Comprehensive clinical data were retrospectively collected through standardized case report forms, including four key domains: (1) Clinical characteristics comprising demographic parameters (age and sex), comorbidities/history of disease (including a history of VTE prior to admission, hypertension, diabetes, stroke, severe acute pancreatitis, acute myocardial infarction, rheumatic diseases, coronary heart disease (CHD), malignant neoplasms, and sepsis), and thromboembolic risk factors (recent surgical history within 1 month and bedridden for at least 3 days); (2) Signs and Symptoms documented through physical examination findings (lower limb edema and leg circumference) and validated risk assessment instruments, specifically the Caprini Risk Score, Glasgow Coma Scale (GCS), and Acute Physiology and Chronic Health (APACHE) II; (3) Laboratory index encompassing inflammatory and nutritional biomarkers (procalcitonin and white blood cell and albumin) and coagulation function tests [thrombin time (TT), prothrombin time (PT), activated partial thromboplastin time (APTT), D-dimer, fibrinogen, and platelet]; (4) Therapeutic interventions categorized as pharmacologic management (hormone therapy, vasoactive drugs, sedatives) or procedural care (Central Venous Catheter (CVC), Invasive Blood Pressure (IBP), blood transfusion and continuous renal replacement therapy (CRRT). All measurements followed institutionally approved protocols with predefined operational definitions.

2.3 Definition of outcome

HA-VTE was defined as DVT or PE occurring at least 48 h after clinical admission or within 90 days of hospital discharge following an inpatient stay of at least 2 days (1).
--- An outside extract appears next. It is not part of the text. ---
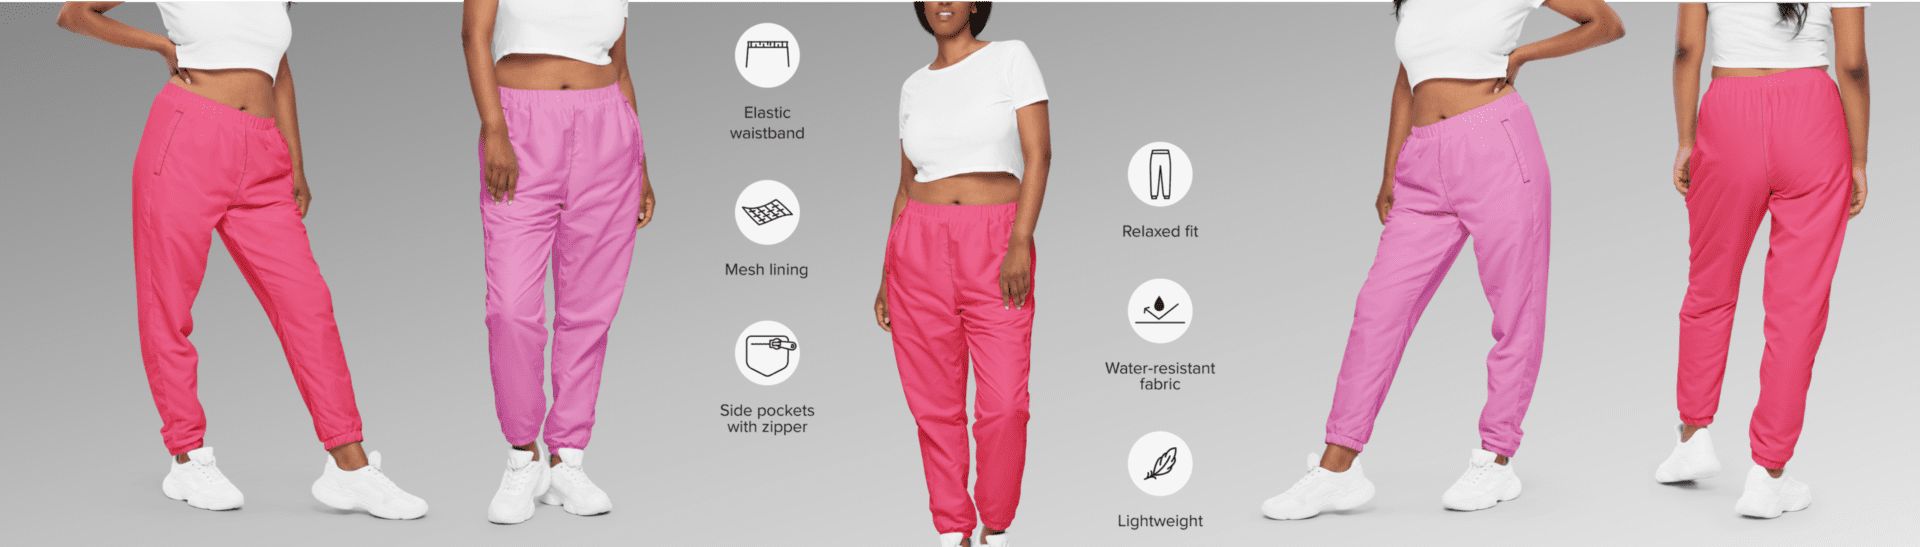 Pink relaxed fit women's sweatpants.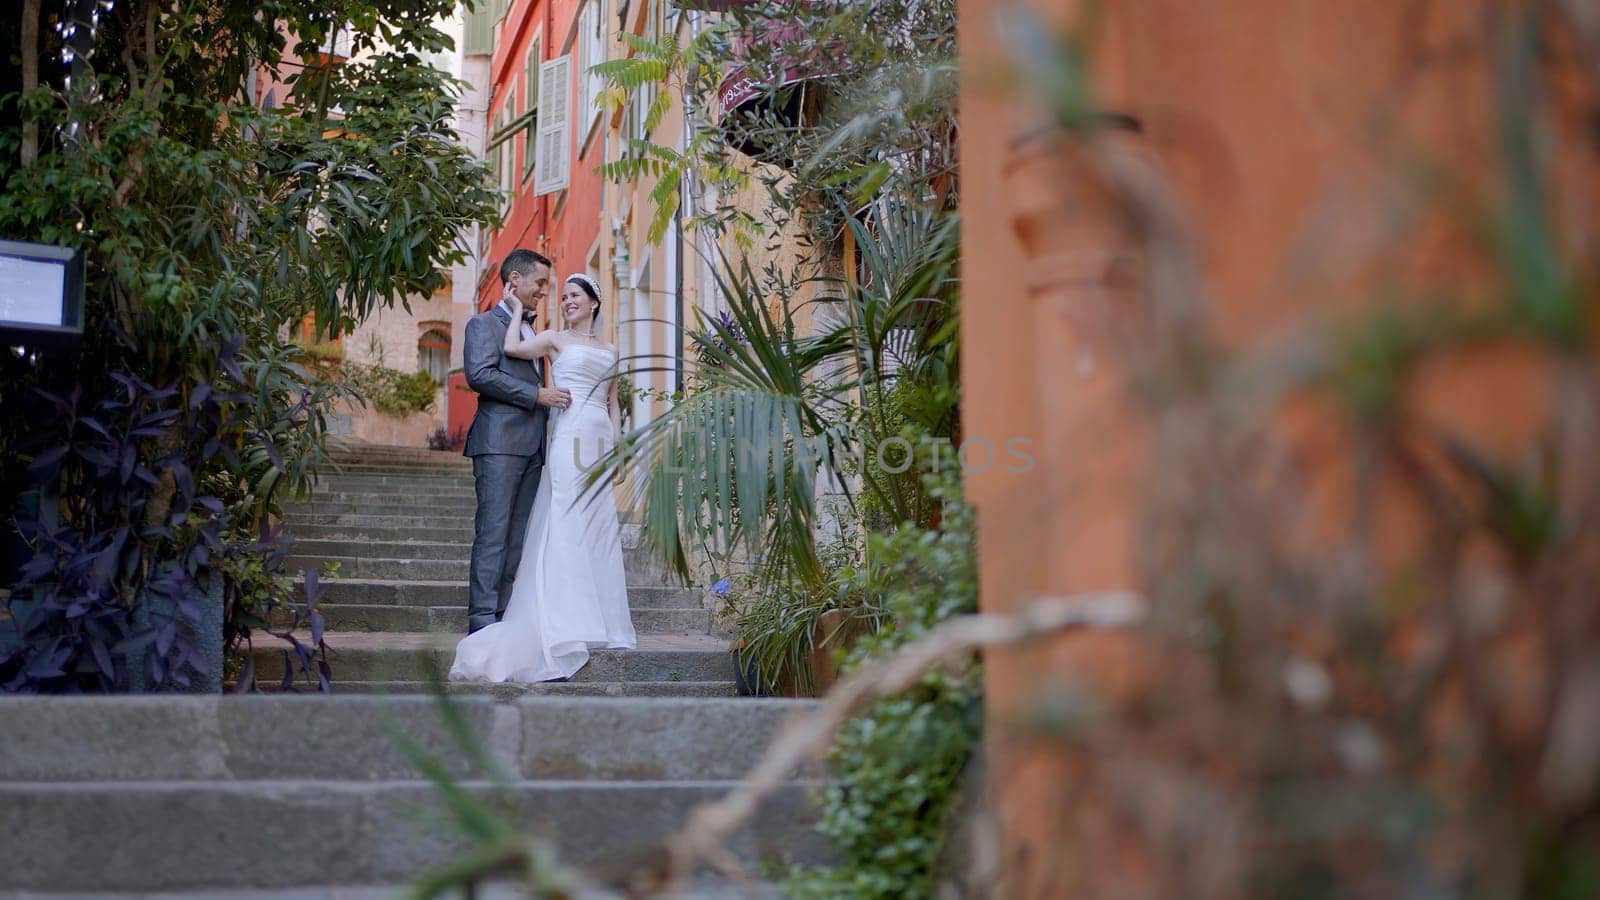 Newlyweds taking pictures on the street. Action. A young couple with a bride in a white dress and a man in a suit who are photographed in full height on the steps next to the architecture of the city. High quality 4k footage

HA-VTE events occurring in critically ill patients from 48 h after mechanical ventilation to 48 h after extubation were considered outcome events in this study. The primary outcome was objectively confirmed hospital-acquired VTE by imaging studies, encompassing both symptomatic and asymptomatic DVT and PE, as clinically ordered by the treating physicians. Specifically, DVT was diagnosed by compression ultrasonography (22). PE was identified based on evidence of pulmonary artery obstruction or filling defects on pulmonary angiography, and thrombus was detected on CT pulmonary angiogram (CTPA) (23). All imaging results were reviewed and verified by board-certified radiologists.

2.4 Statistical analysis

Statistical analyses and graphics were performed using the SPSS statistical software (version 23.0; IBM Corp., Armonk, NY, United States) and R software (version 3.1.2; The R Foundation for Statistical Computing, Vienna, Austria) with the RMS statistical packages. The quantitative data obeying normal distribution were expressed as the mean. Standard deviation (s), and comparisons between groups were made using the t-test: the quantitative data not normally distributed were expressed as the median (interquartile) [M (Q1–Q3)], and comparisons between groups were made using the Mann–Whitney U-test. Frequencies are reported as n (%) and analyzed across groups via the Chi-square test or Fisher’s exact test as appropriate. A univariate logistic regression analysis was performed to identify predictors of HA-VTE in mechanically ventilated ICU patients. Consequently, factors with a p-value < 0.05 in the univariate analysis were incorporated into a multivariate logistic regression analysis (employing a backward stepwise technique) to identify independent predictors, resulting in a nomogram to estimate HA-VTE risk within this population. Regression coefficients were used as weights in the prediction model. Before developing the multivariable regression model, multicollinearity among predictors was assessed using variance inflation factors (VIFs), with variables exceeding the threshold of VIF > 5 being systematically excluded from subsequent analyses. The independent risk factors were analyzed using R4.1.2 software, and the rms program package was used to construct the column-line graph model. The receiver operating characteristic curve (ROC) assessed the model’s efficacy. Since the concordance index (C-index) is analogous to the AUC in logistic regression, we utilized the AUC to determine the discriminative performance of the nomogram. Internal consistency was verified through 1,000 bootstrap samples, and model accuracy was evaluated with a calibration curve alongside the Hosmer–Lemeshow test for goodness of fit. Decision curve analysis (DCA) was performed to ascertain the model’s clinical utility. A p-value of < 0.05 was considered statistically significant for all analyses.

3 Results

3.1 Baseline demographics and clinical characteristics

We collected a sample of 1,631 assessments, leaving 1,301 after excluding missing data, outliers, etc. Only data from the first assessment of a patient’s first admission to the ICU were included, after establishing inclusion and exclusion criteria, we assembled a cohort of 472 mechanically ventilated ICU patients for this investigation, comprising 290 males and 182 females, with age ranging from 18 to 97 years and a median age of 68 years. During the 2-year observation period, hospital-acquired venous thromboembolism occurred in 59 individuals (Figure 1), representing 12.5% of the total cohort.

FIGURE 1
Flowchart detailing the selection process for constructing a VTE prediction model in mechanically ventilated ICU patients. It starts with 1,631 assessments collected from January 2021 to December 2022. After excluding missing data and outliers, 1,301 ICU assessments remain. Further exclusions of 829 assessments based on age, type, and status leave 472 patients for the first ICU assessment. These are divided into a non-VTE cohort of 413 and a VTE cohort of 59.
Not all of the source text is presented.